Me he venido hasta Cádiz para escurrirme al sol y pintar una luna en mi ventana. Como una sopa azul y deslumbrante, se riza y se desliza, juega el mar en su plato. Aún hay restos de brumas y bengalas en la ceja enarcada del paseo, y al fondo, muy al fondo, entre las comisuras de la brisa, se fruncen las casitas de colores, la cúpula dorada, y se alza una ciudad tan tierna y viva, que casi es una luz, de puro blanca. Se da cita en la playa la espuma de las olas. Es un oro fundido la marina, y una vela le sirve al horizonte mi corazón en una cartulina.
En la Plaza de España, la libertad recuerda que tuvo aquí su cuna, su musgo, su cimiento. Nombres que fueron hombres. A tres pasos del cielo y a dos de la Alameda, siguen ellos, hoy mármol, librando su batalla. Muy pronto hará dos siglos de aquel “viva la Pepa” que pudo haber cambiado el color de las rosas y salvado a esta patria de tantos laberintos. Con sus dulces jardines tropicales, su adusto baluarte, su arquitectura estrecha y rumorosa donde ya tiene calle Antonio Burgos, y plaza la verdad y el mentidero, Cádiz es una taza que rebosa.
Ya le he dicho al Vitorio que estoy enamorada de esta ciudad lejana, suspendida de un puente. Ya le he dicho a mi voz que no se muera lejos de esta vibrante caracola.
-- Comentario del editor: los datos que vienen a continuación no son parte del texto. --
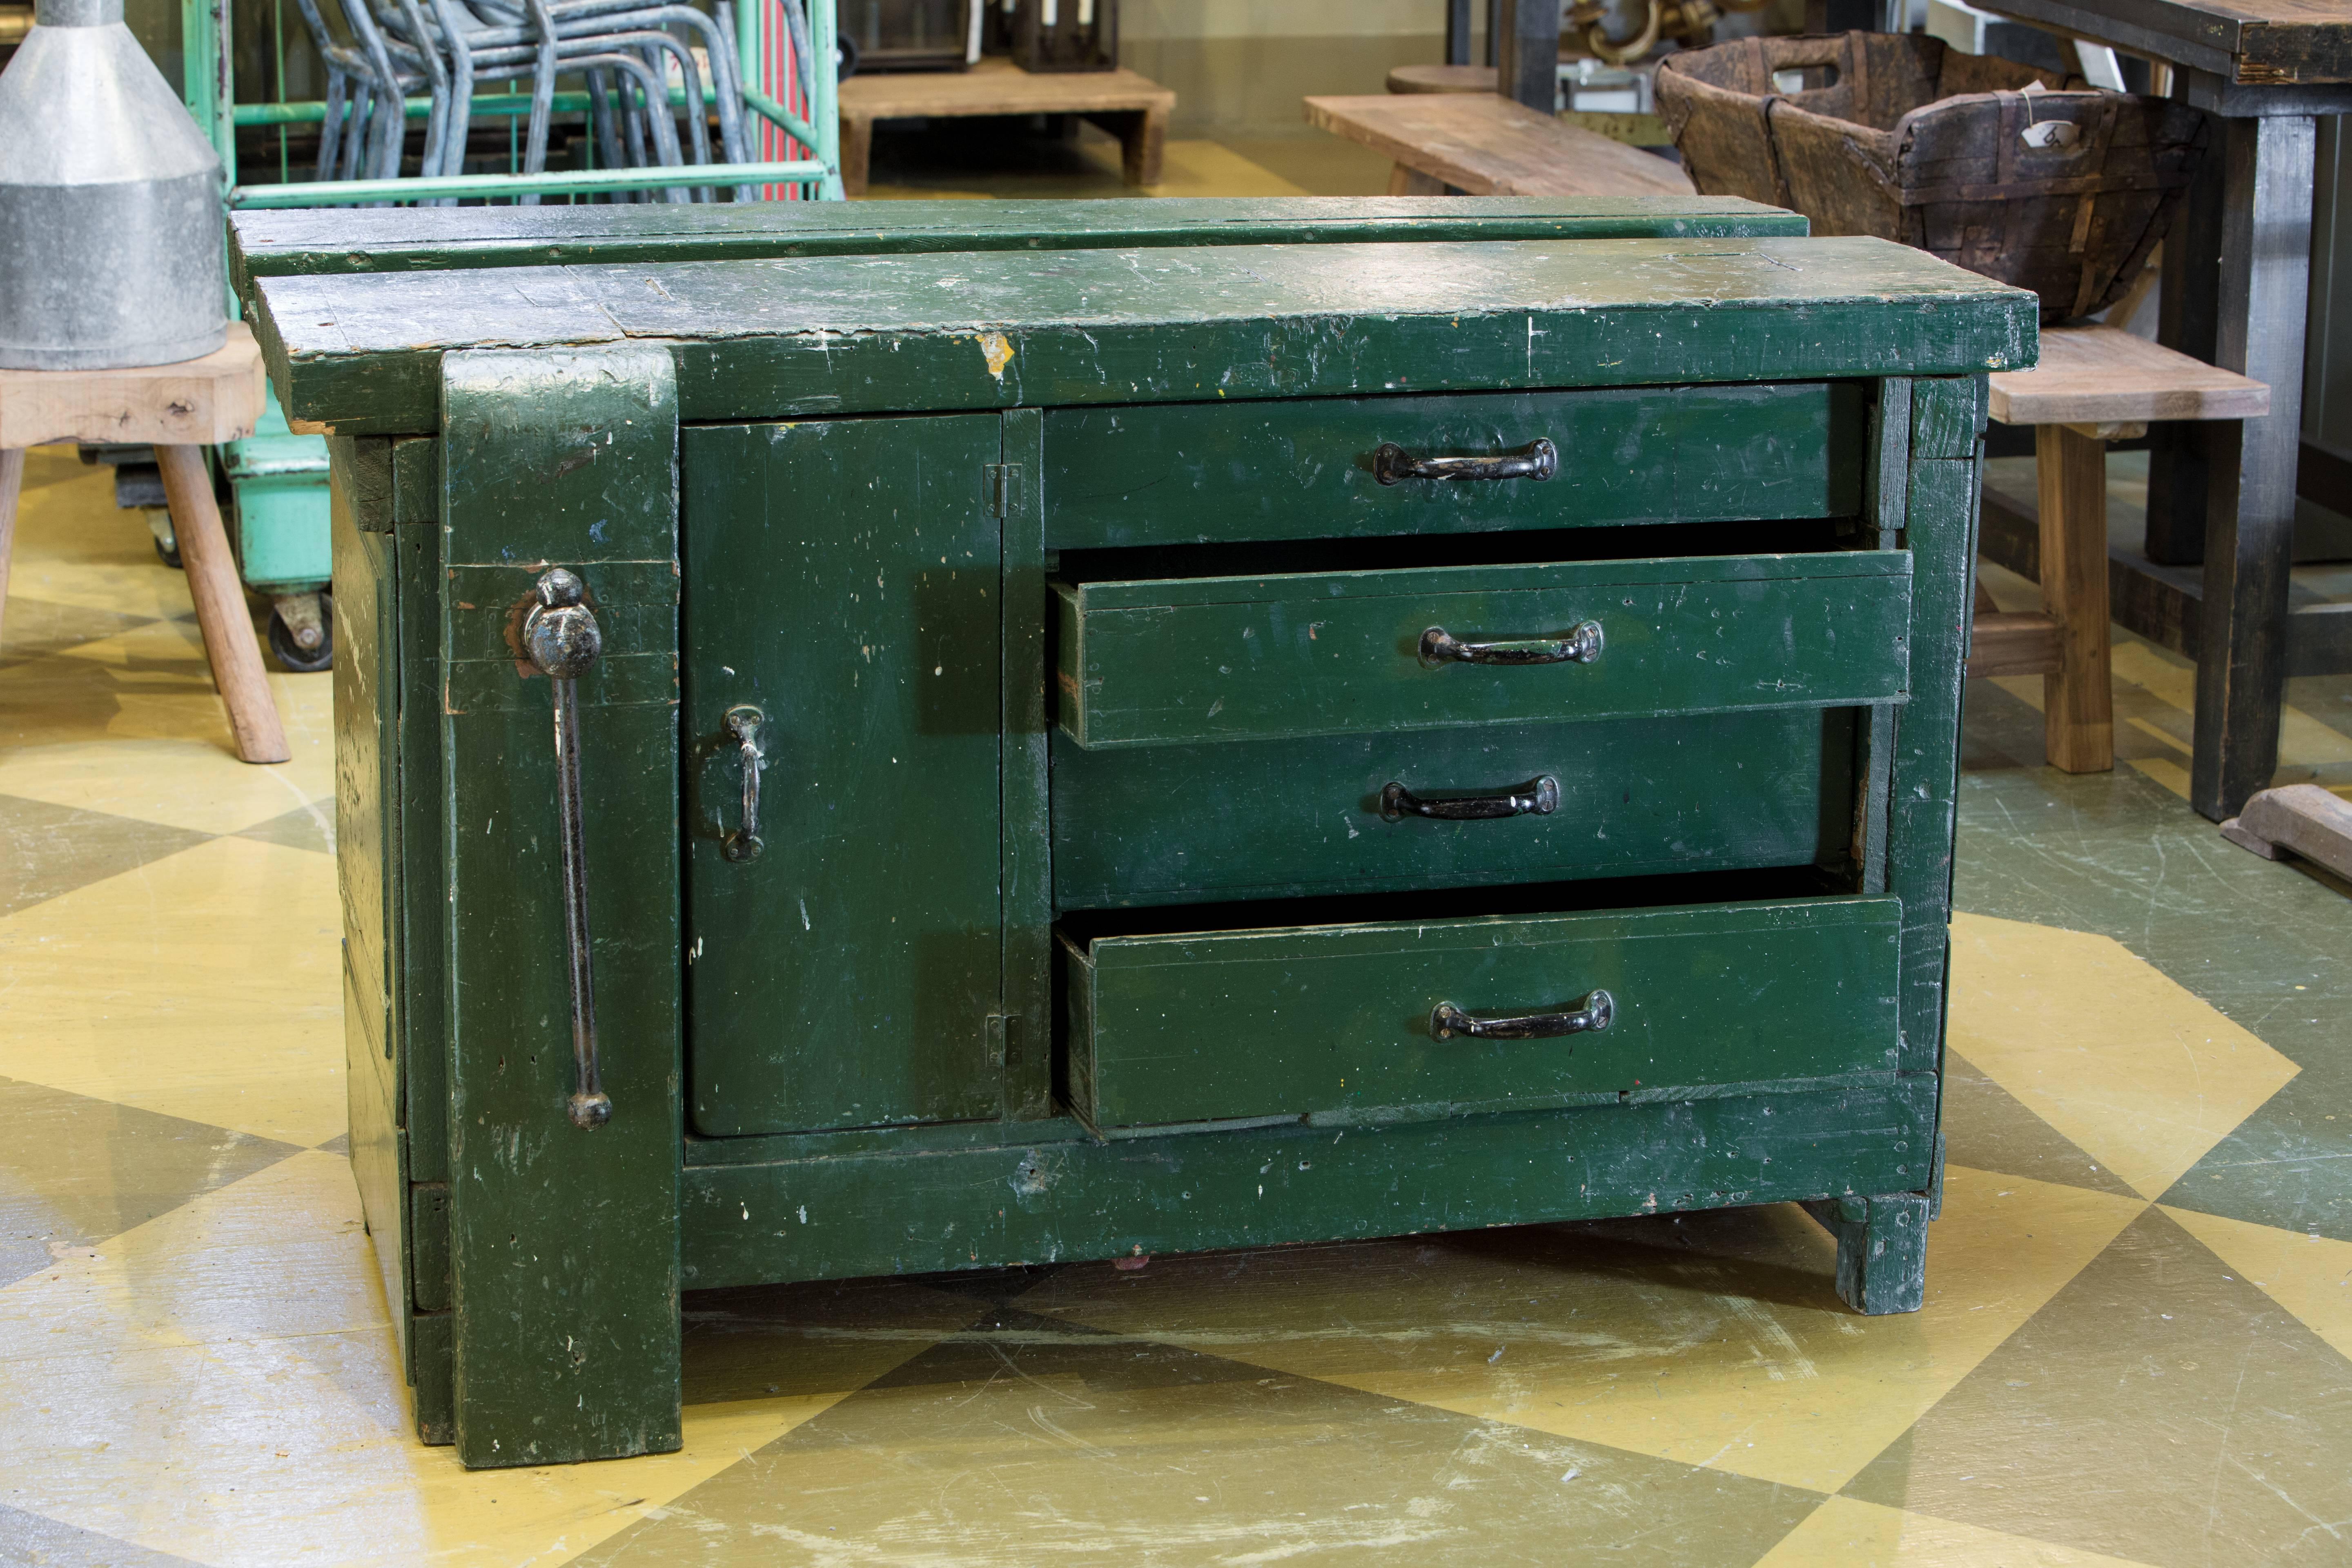 Belgian wooden work table/storage cabinet with original green paint, circa 1920. Four drawers, one cabinet. Original hardware and clamp. Top drawer has a divided section. Additional photos upon request.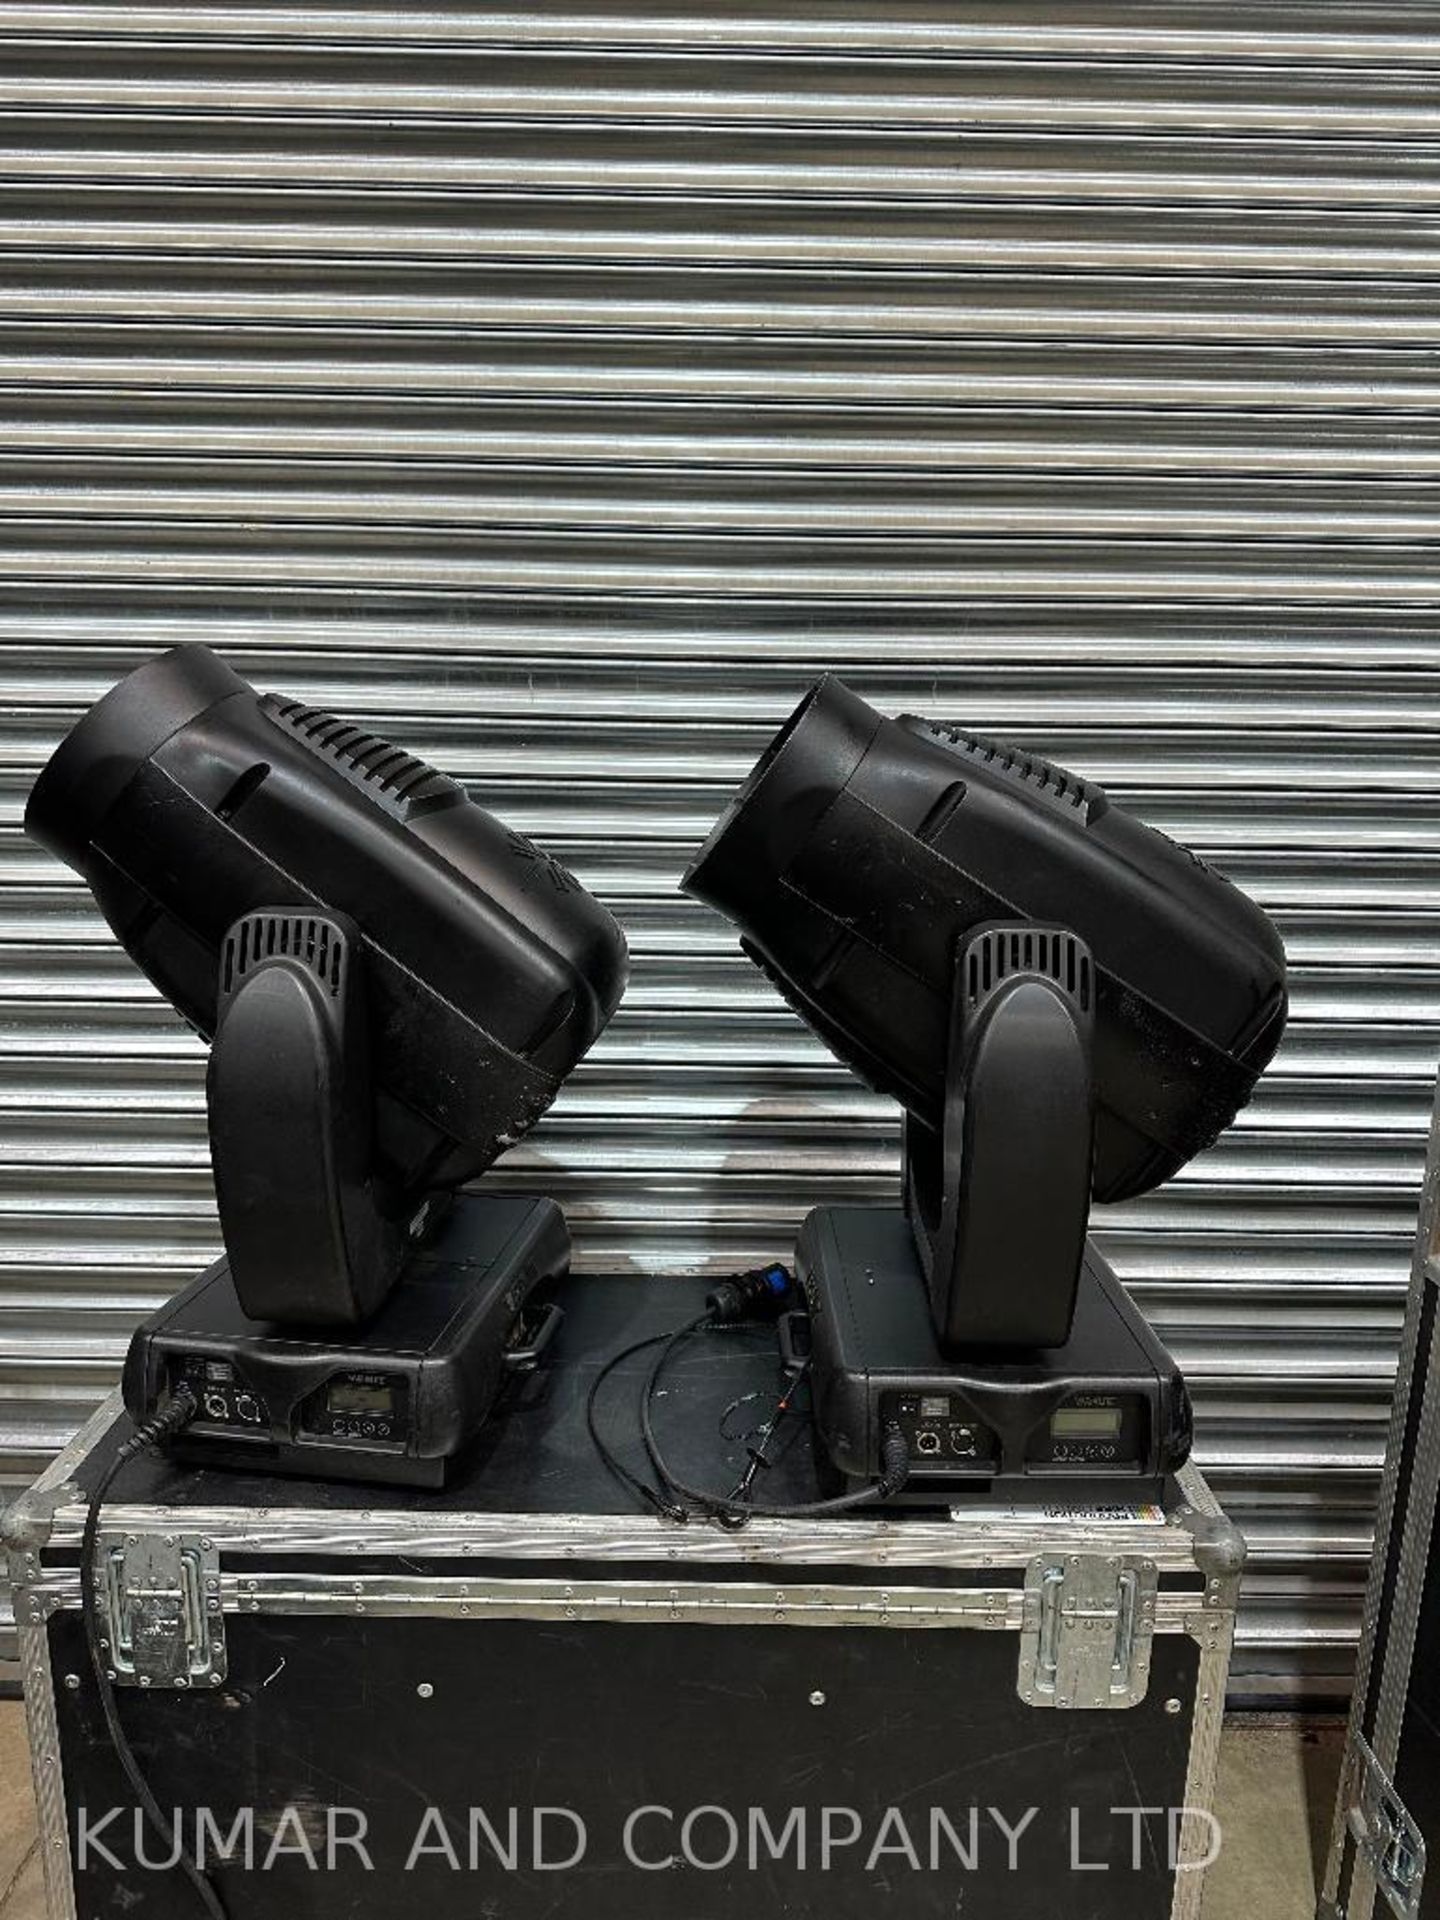 Varilite VL3500 Wash FX -Sold as a Pair in a flightcase. - The VL3500 Wash FX luminaire features int - Image 3 of 4

Que yo quiero quebrarme como, bajo el levante, las palmeras, y ponerme color de caramelo, y ver cómo se mecen, sobre un mástil erguido, las gaviotas, y enjuagarme los ojos, que los tengo cansados, en el agua de Cádiz, y en su boca. Si mi alma fuera libre como el cuplé del viento, yo sé que se vendría desde cualquier orilla del planeta a bañarse desnuda en la Caleta y a cruzar sin retorno la Bahía.